When used in medical research studies, the phrase intent to treat refers to a type of study design where scientists analyze the results of their study based on what the patients were told to do, or how they were supposed to be treated, rather than what actually happened. For example, if a person in a study is randomized to a medical treatment but ends up getting surgery -- or no treatment at all -- their outcomes are still considered as part of the medical treatment group. In an ideal world, of course, intent to treat and actual treatment would be the same, but in the real world it varies a lot depending on the nature of what is being studied.
Intent to treat models are used for a number of reasons. The biggest one is that from a practical standpoint, they simply make sense. Scientists want to know how drugs or treatments will work in the real world -- and in the real world, not everyone takes drugs as prescribed or ends up getting the surgery they are recommended. By using an intent to treat model, scientists can analyze how a treatment works in a realistic context -- which explicitly acknowledges the fact that how drugs work in the lab may have very little to do with how they work in the field.

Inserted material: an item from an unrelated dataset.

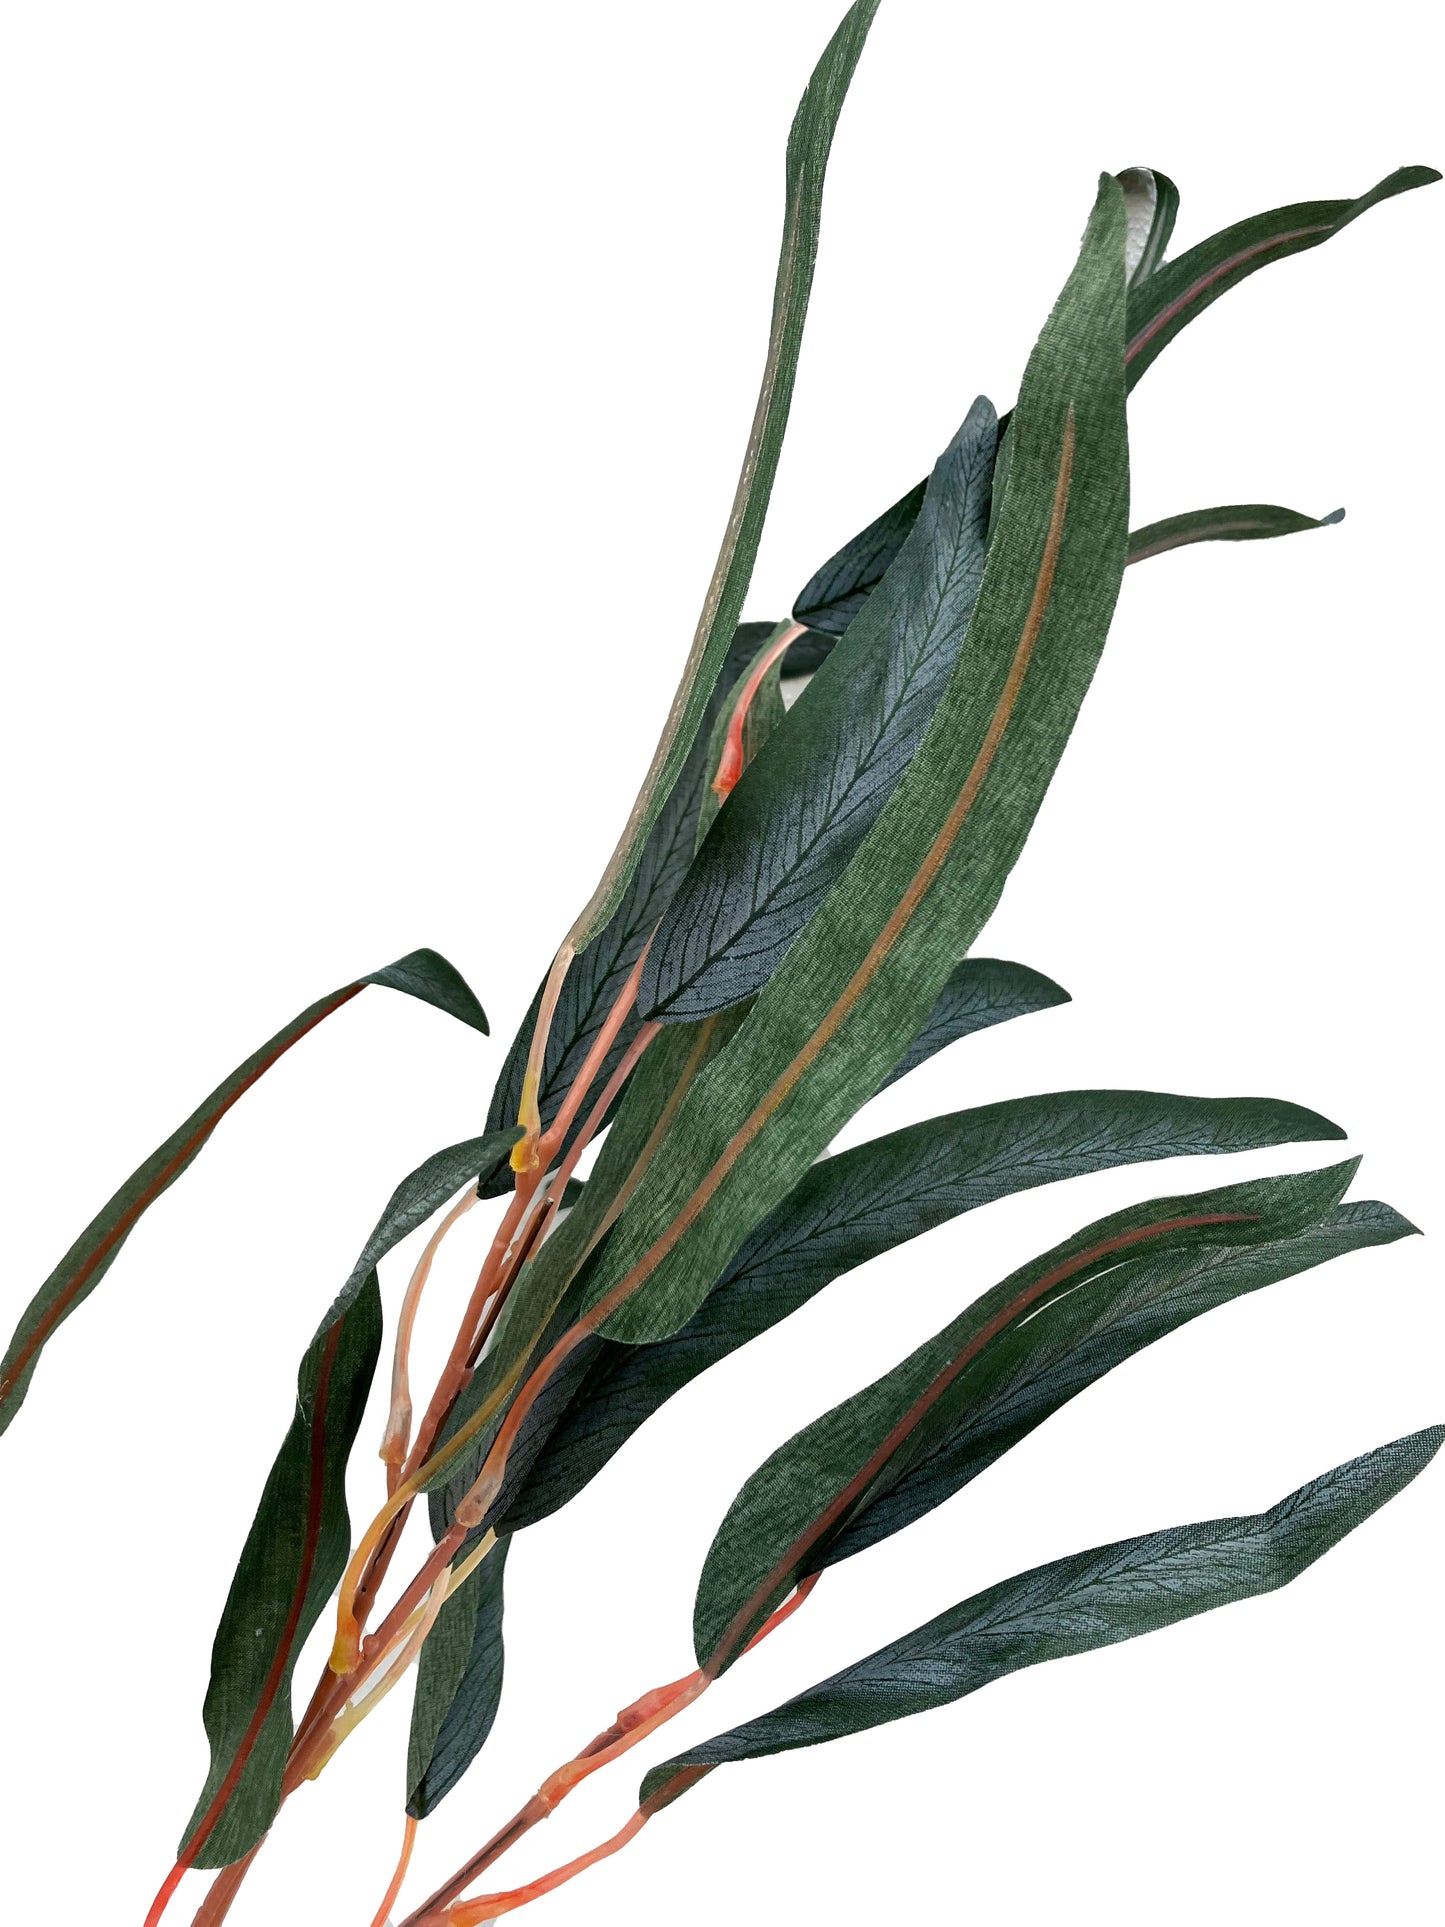 Artificial Eucalyptus Gum Branch

Not all people like intent to treat trials, however, because they can underestimate a medication's potential effectiveness. For example, early trials of pre-exposure prophylaxis for HIV in gay men showed that the treatment seemed relatively effective... but only in individuals who took it regularly. The overall results were a lot less encouraging. While some people would say that a drug doesn't work if patients won't take it, others would say that you can't judge a medication if patients aren't taking it as prescribed.
Sometimes scientists who initially design a study for intent-to-treat analysis will end up analyzing the treatment both that way and per-protocol (i.e. comparing people who actually received the treatment as specified to those who did not, regardless of randomization.) This is usually done when the intent-to-treat analysis shows no effect, or no significant effect, but some effect is seen for the people who actually took the treatment. However, this type of selective, post-hoc analysis is frowned on by statisticians and may provide misleading results.
When an intent to treat study is less promising than earlier, more closely observed studies, scientists will often ask why -- in an attempt to salvage what had been considered to be a promising treatment. If it turns out, for example, that people weren't taking a medication because it tastes bad, that problem may be easily fixable. However, sometimes results in smaller trials simply can't be duplicated in a larger study, and doctors are never entirely sure of the reason why.